Write out the entries below exactly, but only from the line containing "Messy Mutts Waste" through the line containing "Discover our great", and without the pictures.

# Excerpted records
===============

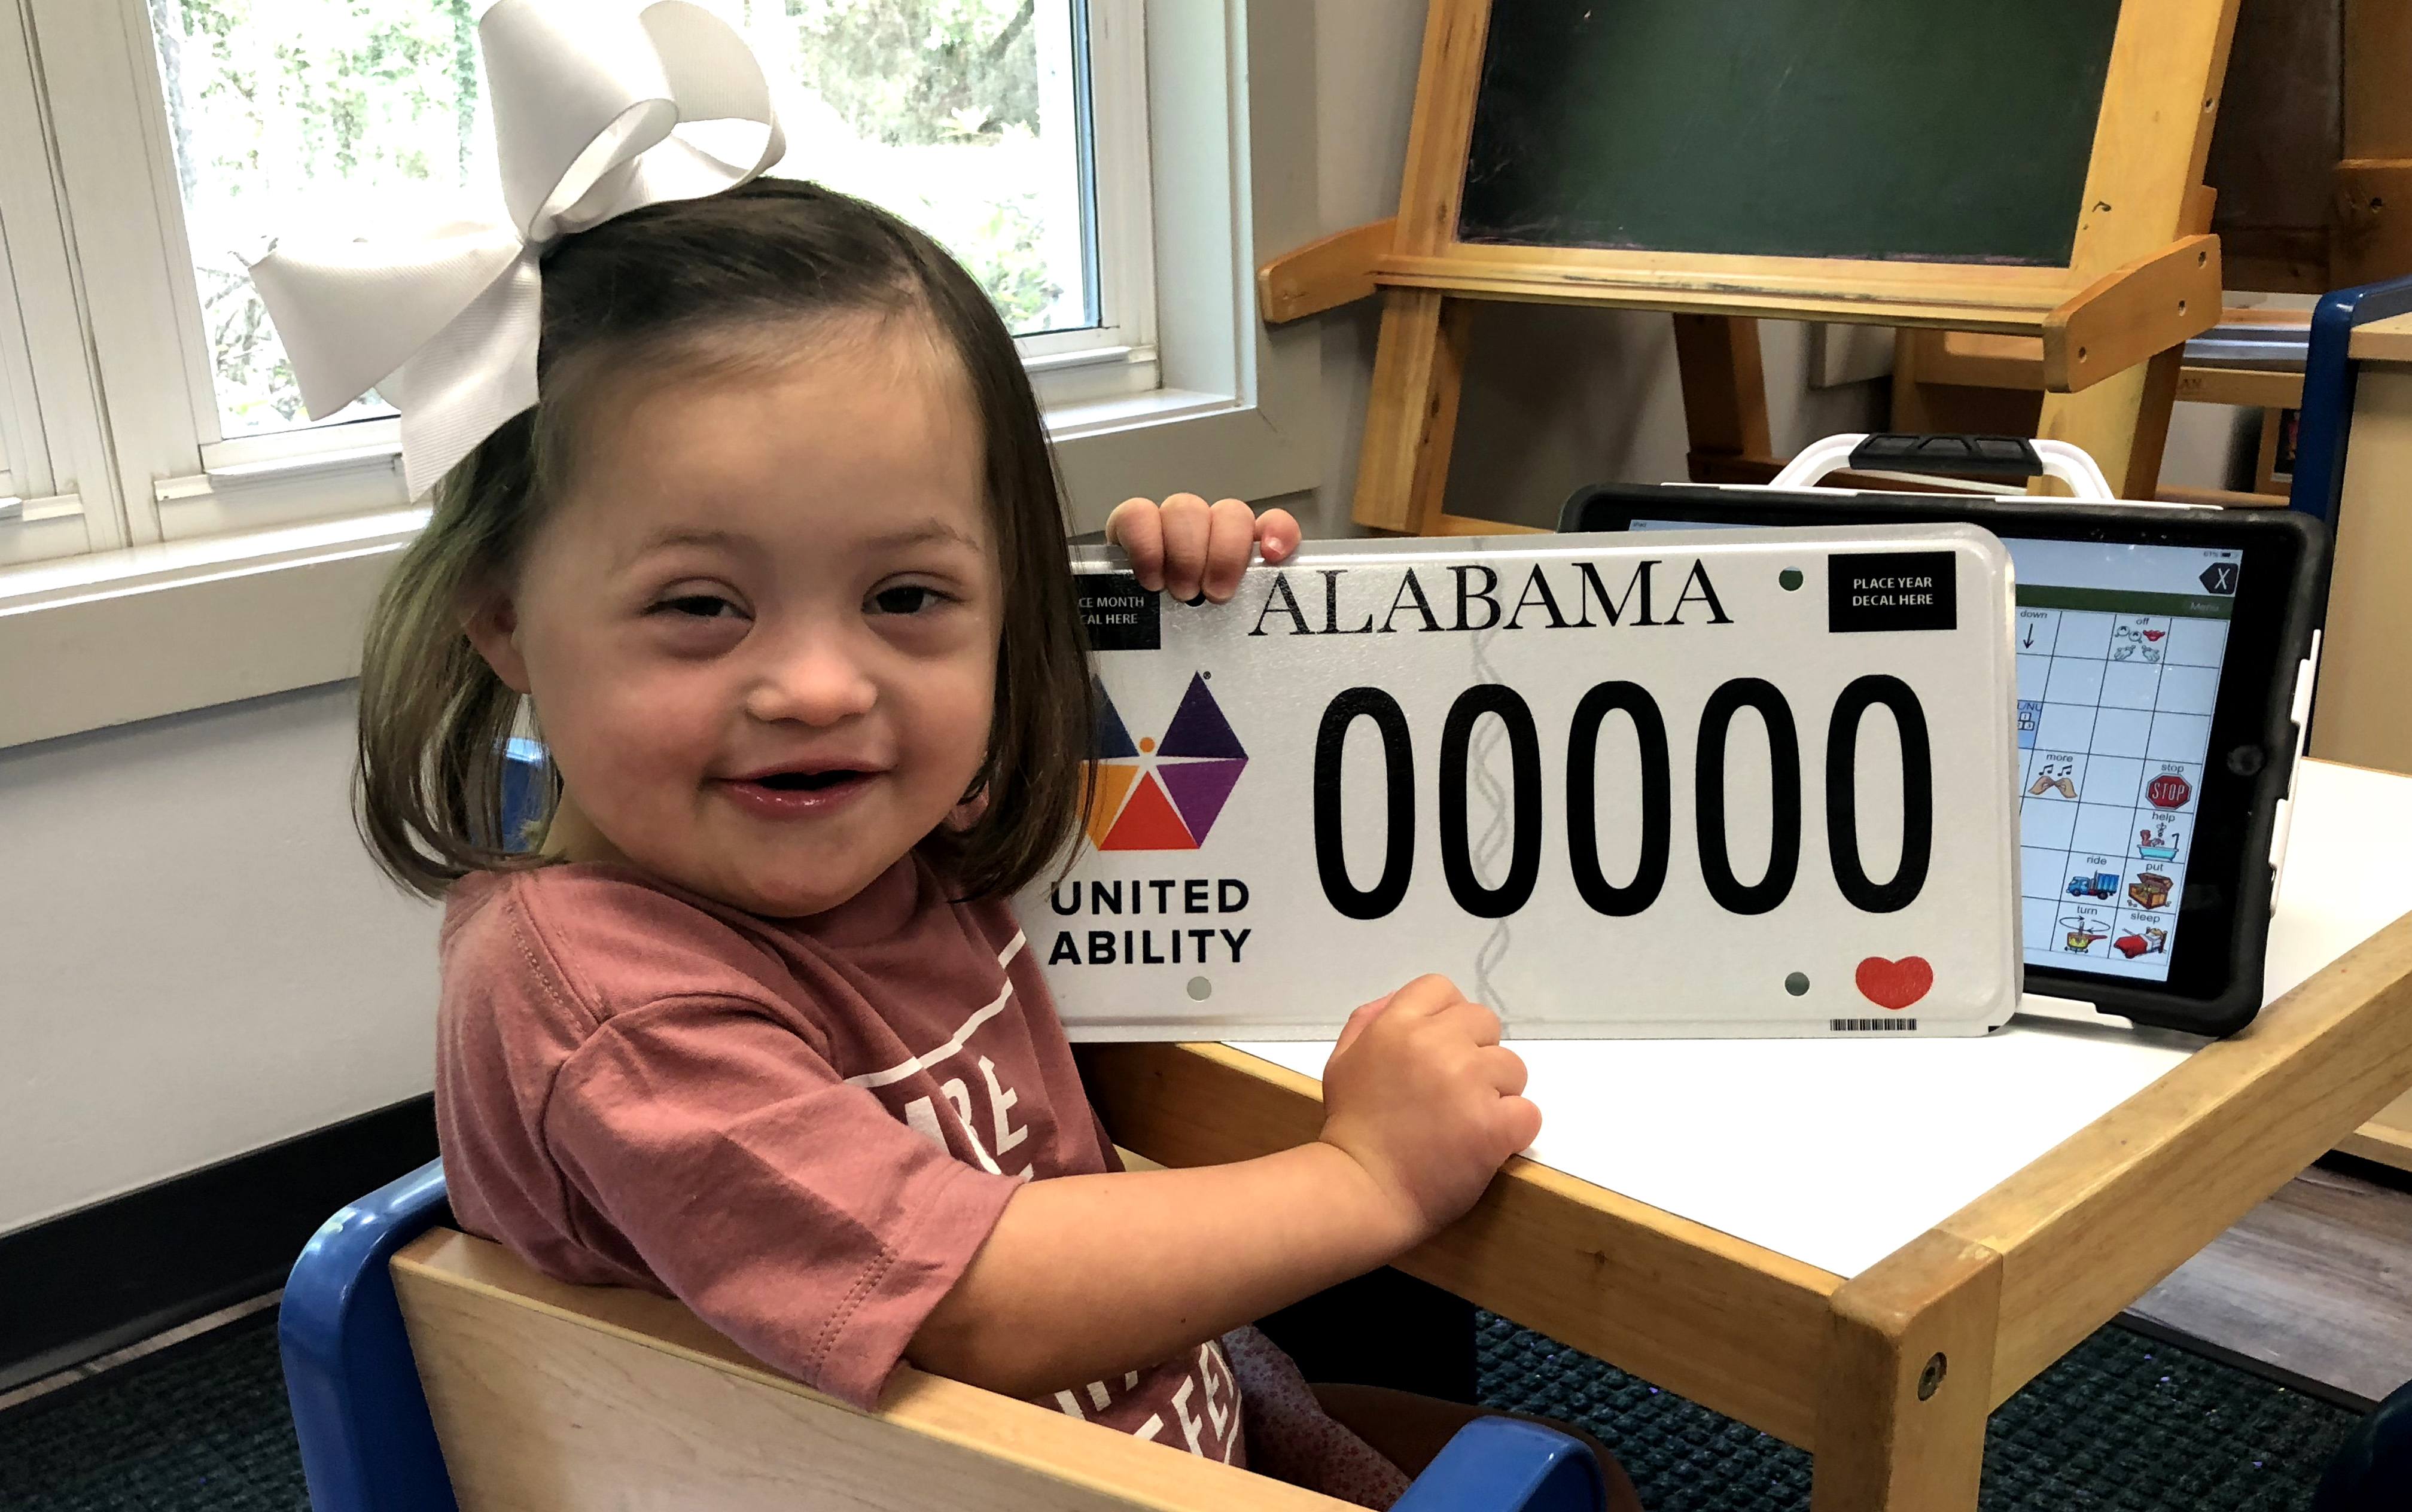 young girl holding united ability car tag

===============

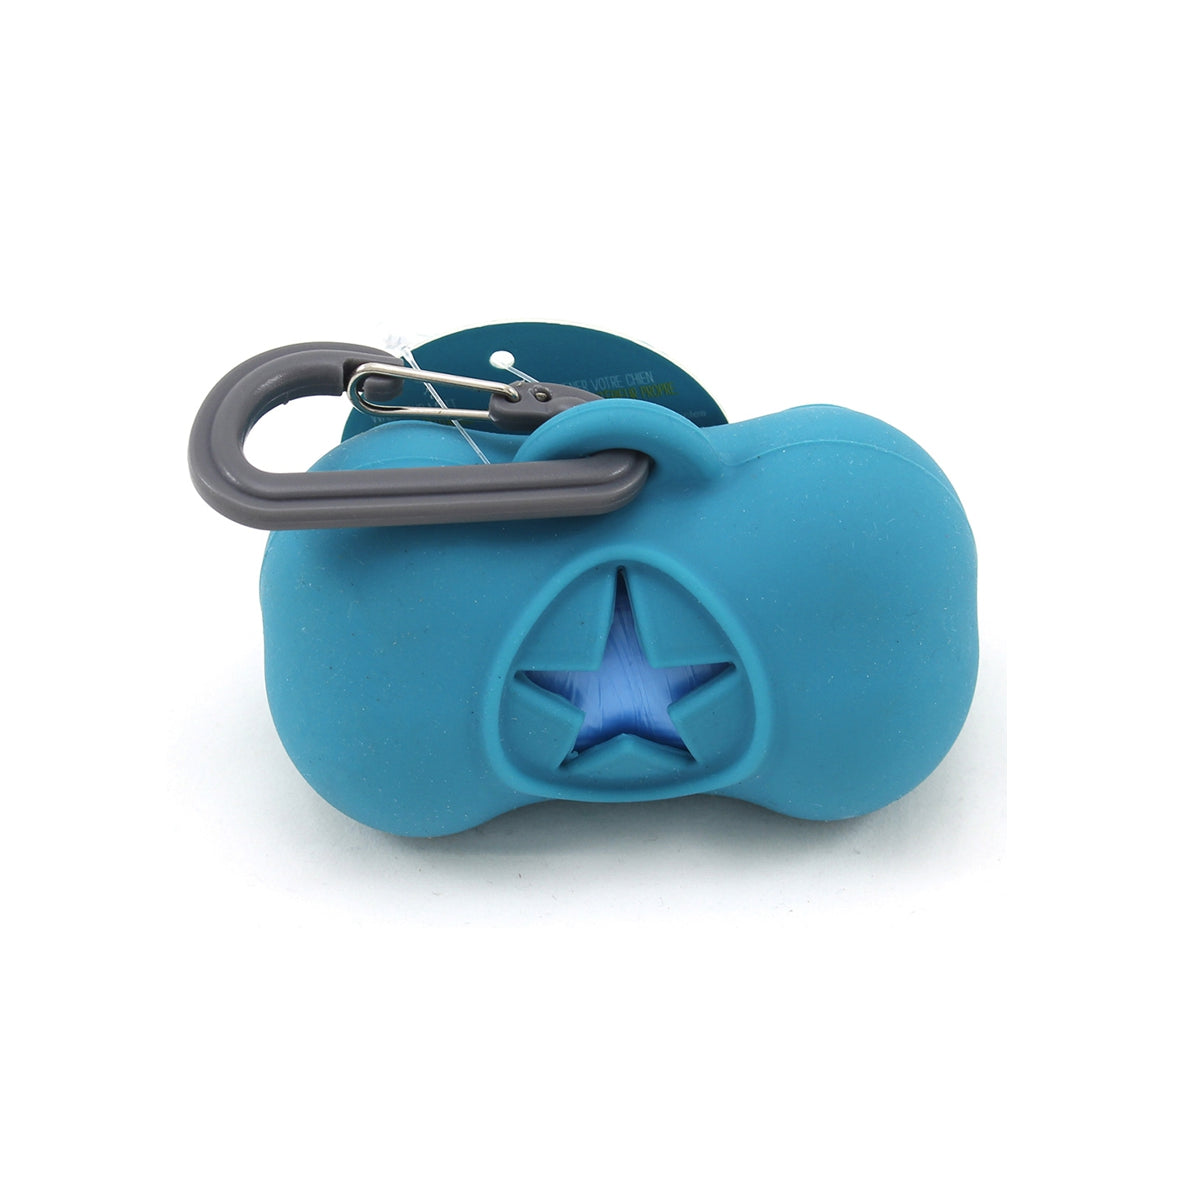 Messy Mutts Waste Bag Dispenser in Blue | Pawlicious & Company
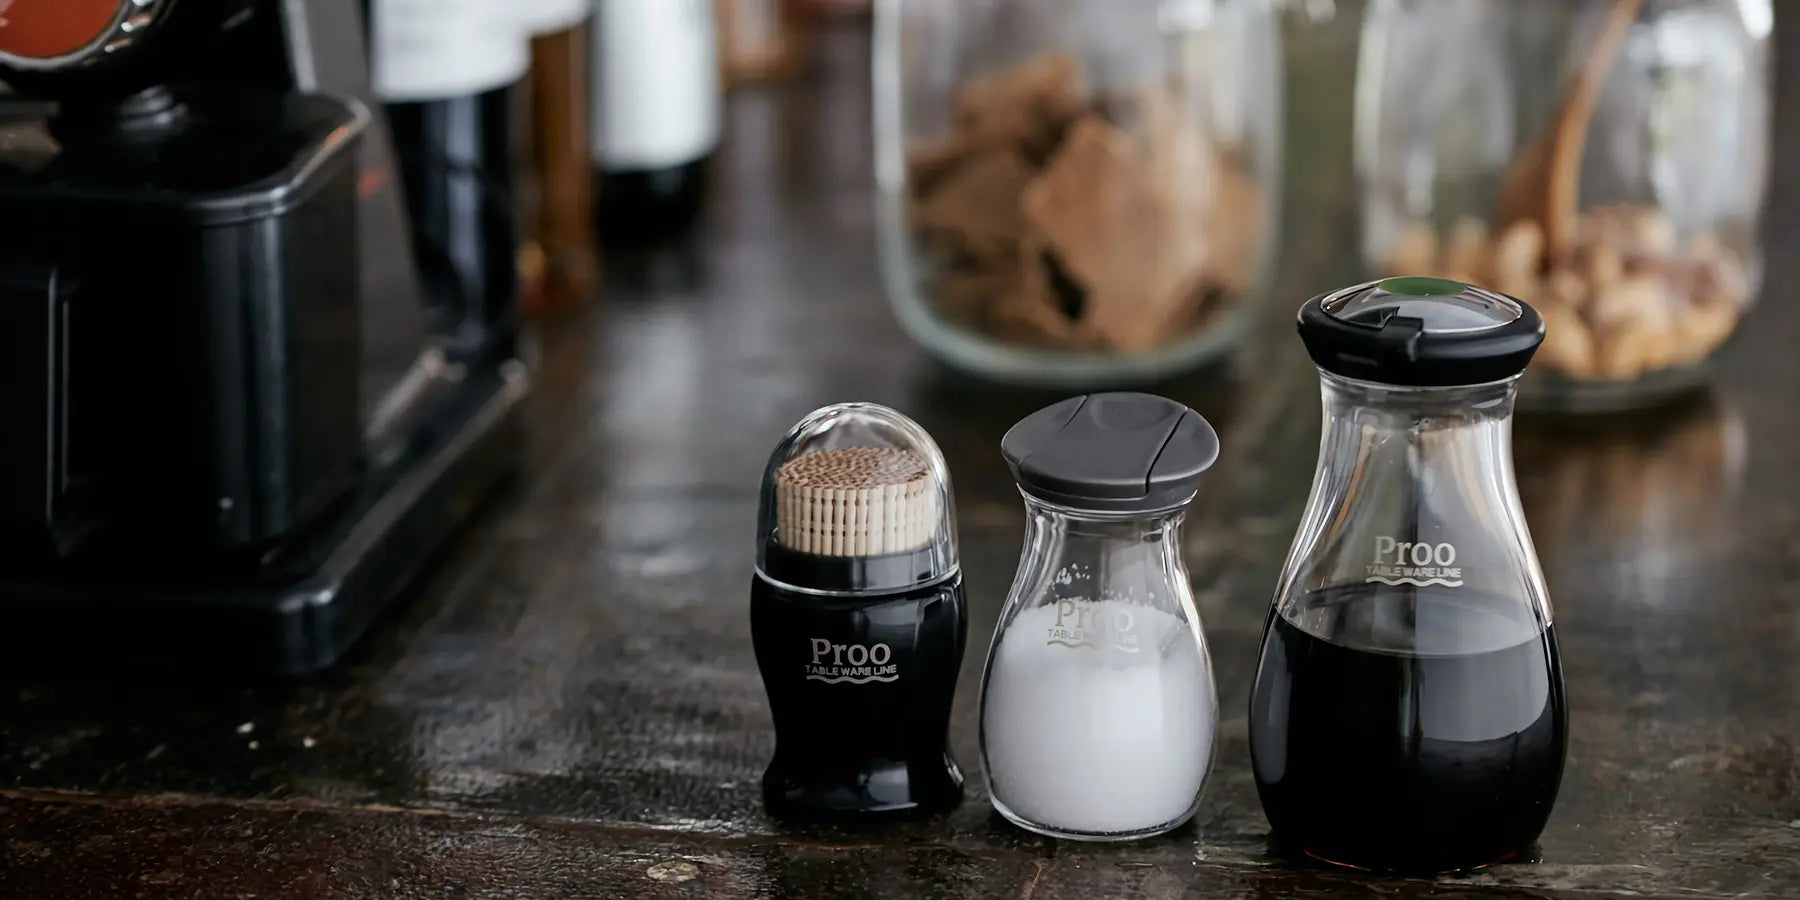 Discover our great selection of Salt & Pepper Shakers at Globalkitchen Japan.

===============

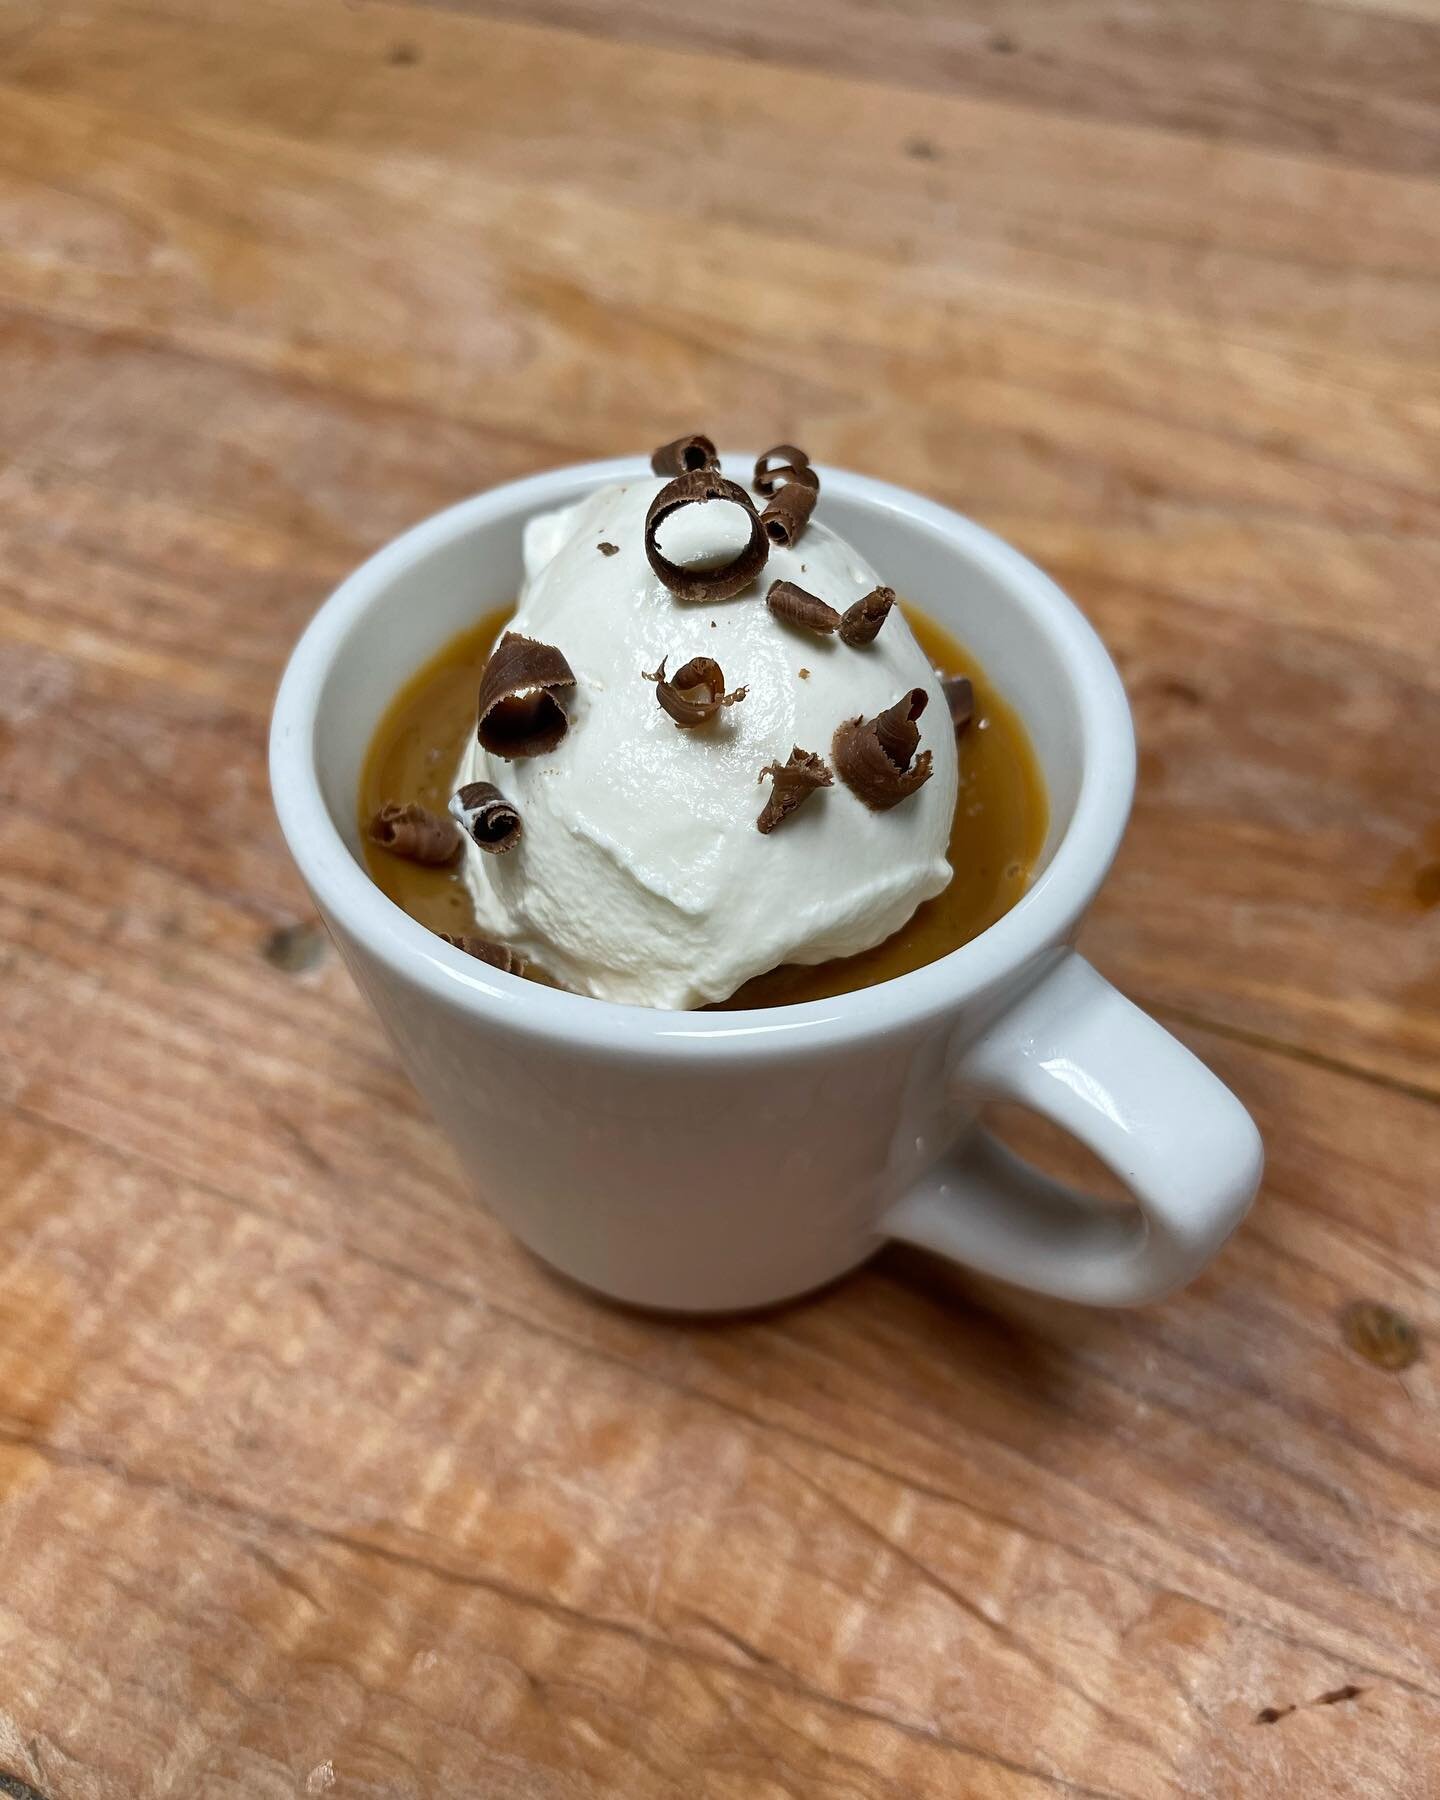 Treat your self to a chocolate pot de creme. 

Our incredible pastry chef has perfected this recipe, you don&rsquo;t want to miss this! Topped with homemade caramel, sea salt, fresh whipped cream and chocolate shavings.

===============

# Response to this exercise
 Messy Mutts Waste Bag Dispenser in Blue | Pawlicious & Company
 Discover our great selection of Salt & Pepper Shakers at Globalkitchen Japan.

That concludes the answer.